Defend against attacks with CrowdStrike threat feeds, the most active repository of threat intelligence in the industry. Subscribe DNS servers to the security feed, which is automatically delivered through DNS and continuously updated to block threats as they emerge.
To protect against malicious activity, networking and cybersecurity teams need to maintain visibility into DNS traffic.

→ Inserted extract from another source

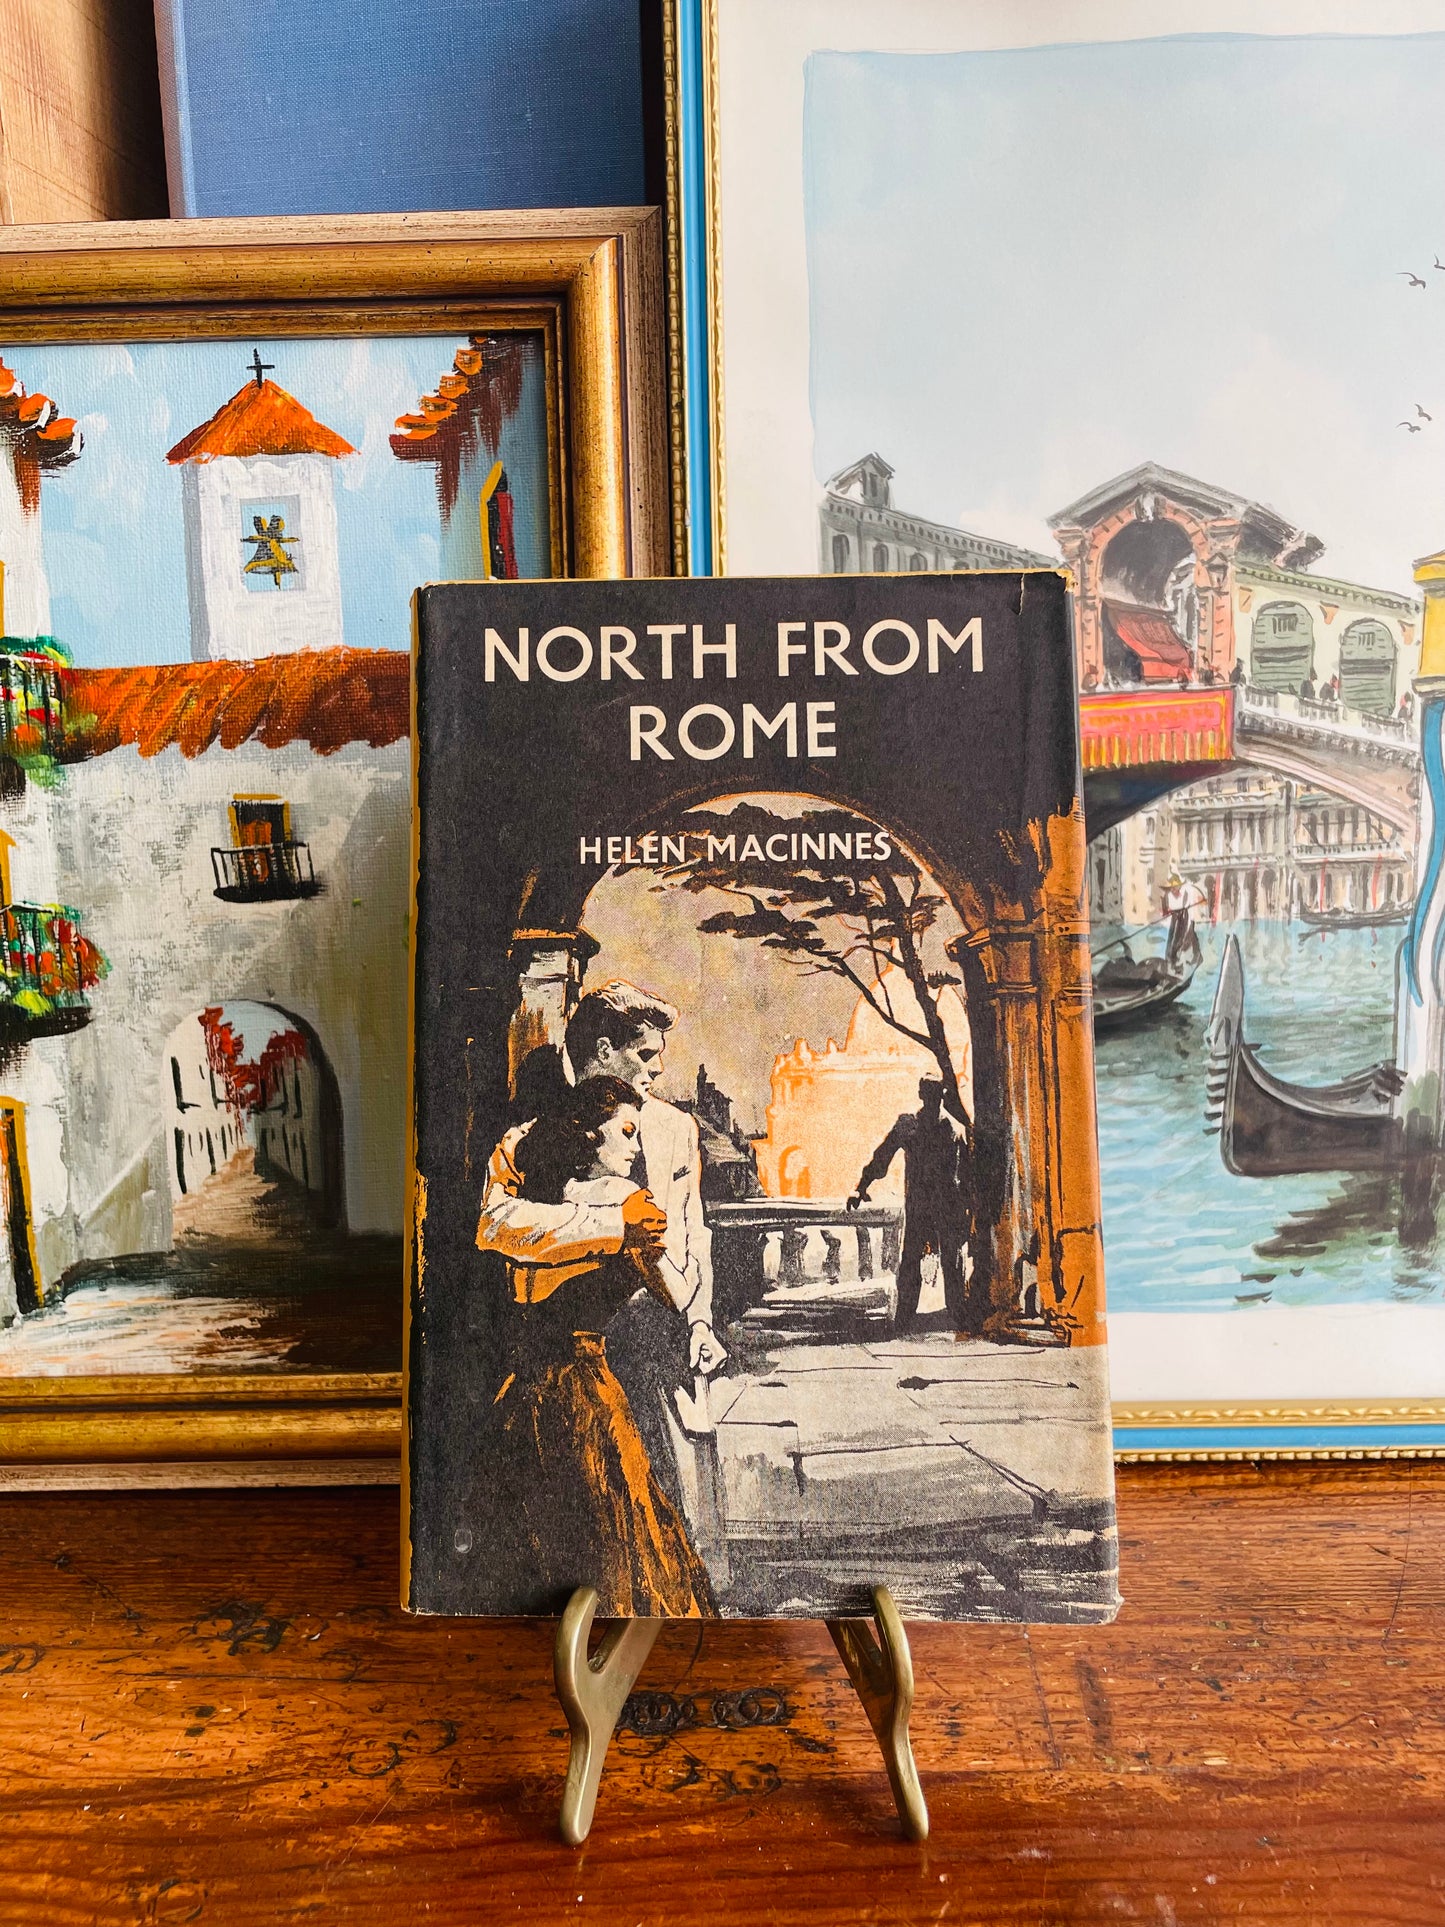 North From Rome by Helen MacInnes - Yellow Clothbound Hardcover Book (1958) - Secret Agent Cold War Thriller

Threat Protection provides DoH blocking to retain visibility into DNS queries by preventing lookups to known public DoH resolvers.
Figure 1. Protect the enterprise by blocking DNS based phishing, DGA, and tunneling attacks
Features
Customizable actions
Each security feed can be configured with its own action, such as redirect, blocklist, do not respond, and log, allowing administrators to tailor the response to their needs.
Reporting
Aggregation of query and response data for a complete view of response policy activity with respect to threat category, source of threat, and targets.
IPAM integration
Integration with BlueCat IPAM, DNS and DHCP solutions enables Threat Protection to be centrally managed and orchestrated through BlueCat Address Manager.
Response policy zones
Provide organizations with the option of maintaining a set of hosts and zones that can be intercepted and handled accordingly.
Logging and visibility
Matches can be logged to determine which devices have attempted to access known malicious content to identify infected systems.
Localized lists
Organizations can augment and maintain their own local lists to blocklist additional sites or allowlist results.
Supported threat feeds
Threat Protection enables seamless integration of security intelligence, including BlueCat DOH blocklists, CrowdStrike, and other third-party threat feeds.
DOH blocking
Retain visibility into DNS queries by blocking lookups to known public DOH resolvers.
BlueCat’s Intelligent Network Operations (NetOps)
BlueCat’s Intelligent NetOps solutions provide the analytics and intelligence needed to enable, optimize, and secure the network to achieve business goals. With an Intelligent NetOps suite, organizations can more easily change and modernize the network as business requirements demand.